[Activity] Please return the listing below word for word, minus its pictures.

[Data block]

· · ·

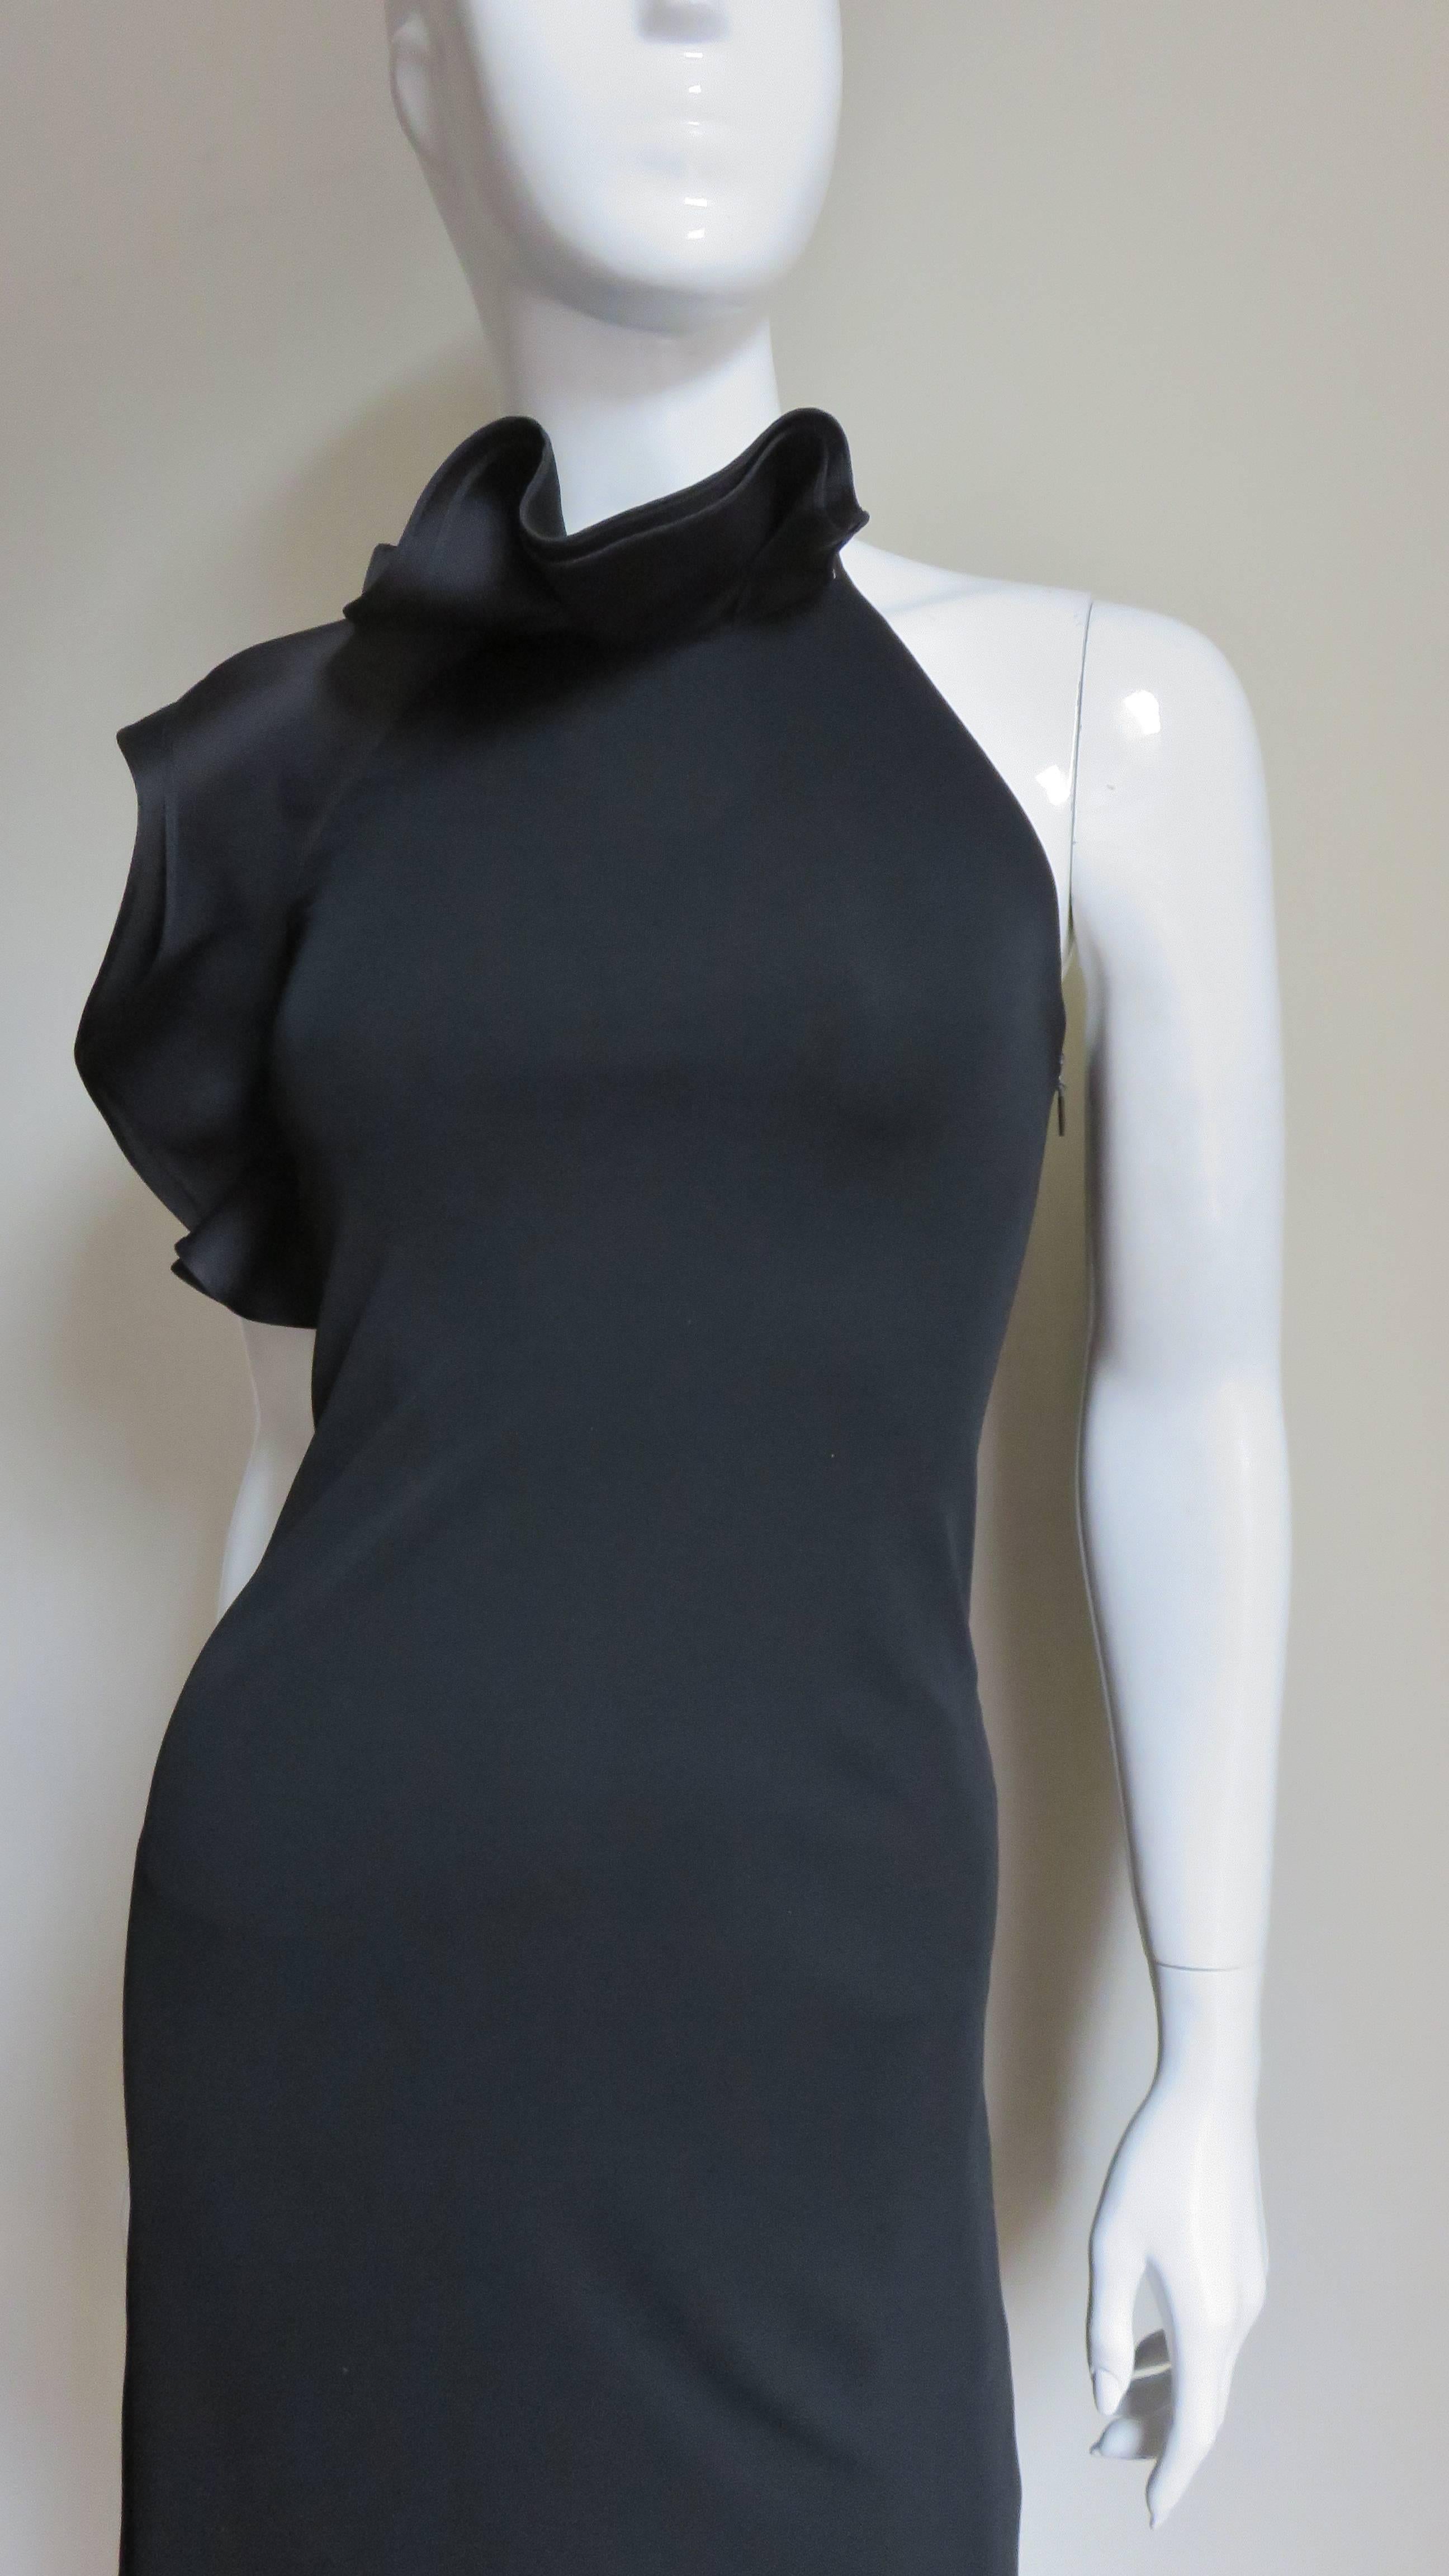 A beautiful black silk jersey halter dress by Gucci.  It is a simple body skimming mini dress with a  fabulous silk organza ruffle stand up collar in the front across the neck down the side to above the waist.  A strap closes at the back neck with a
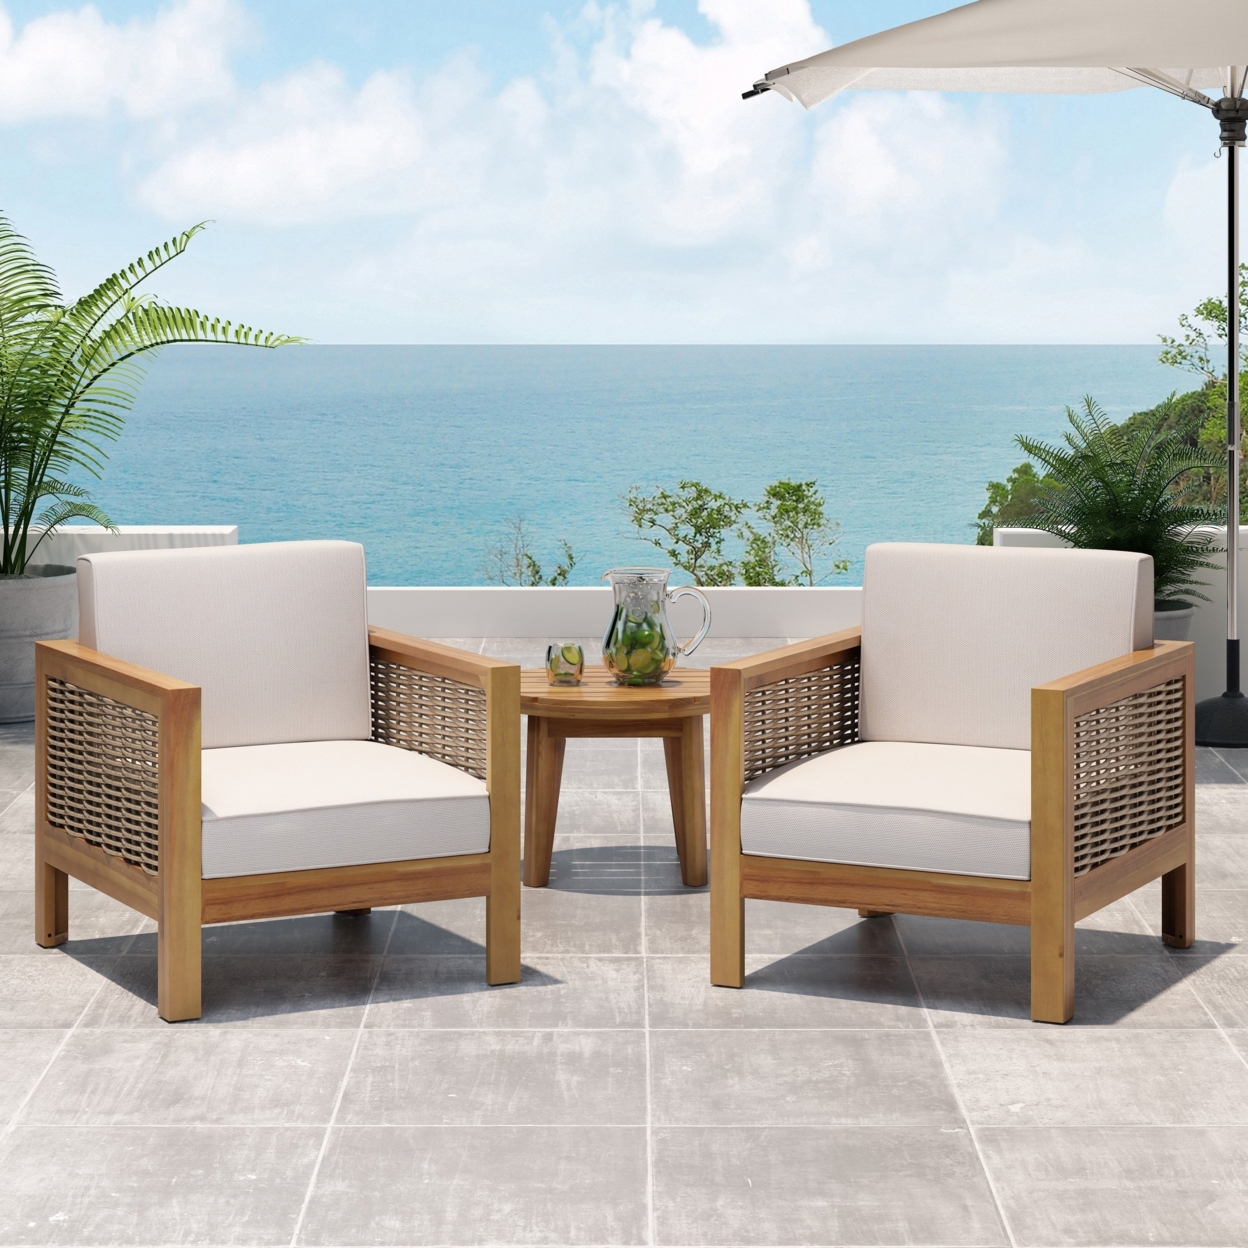 Mayes Outdoor Acacia Wood Club Chair With Wicker Accents (Set Of 2) - Gray/mixed Gray/dark Gray
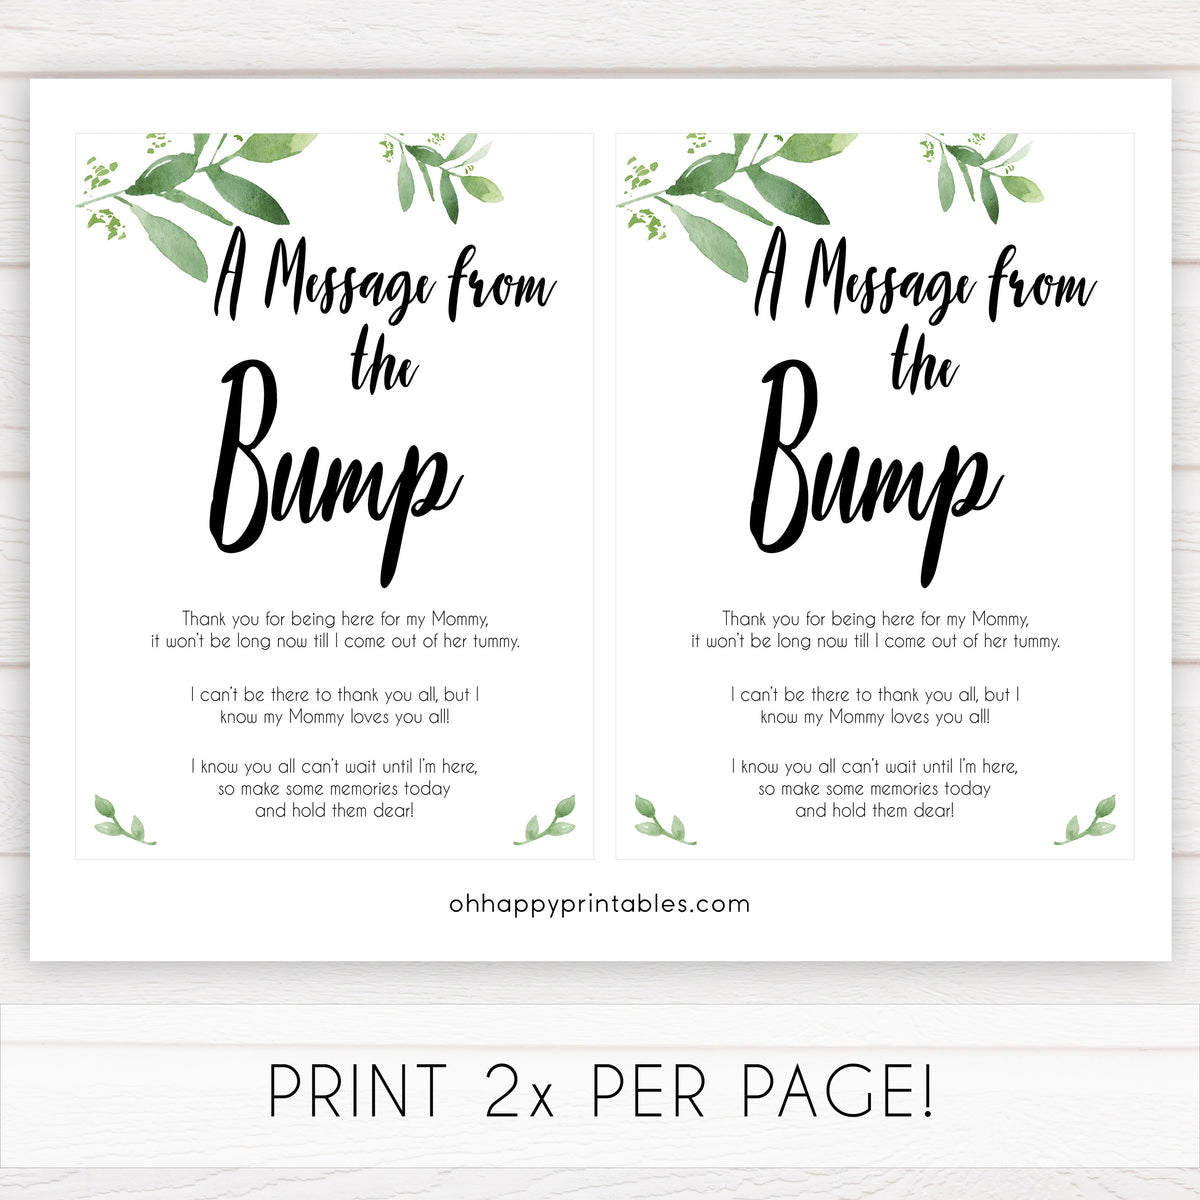 a-message-from-the-bump-botanical-printable-baby-shower-games-ohhappyprintables

· · ·

[Result of the task]
 A beautiful black silk jersey halter dress by Gucci.  It is a simple body skimming mini dress with a  fabulous silk organza ruffle stand up collar in the front across the neck down the side to above the waist.  A strap closes at the back neck with a
 Mayes Outdoor Acacia Wood Club Chair With Wicker Accents (Set Of 2) - Gray/mixed Gray/dark Gray
 a-message-from-the-bump-botanical-printable-baby-shower-games-ohhappyprintables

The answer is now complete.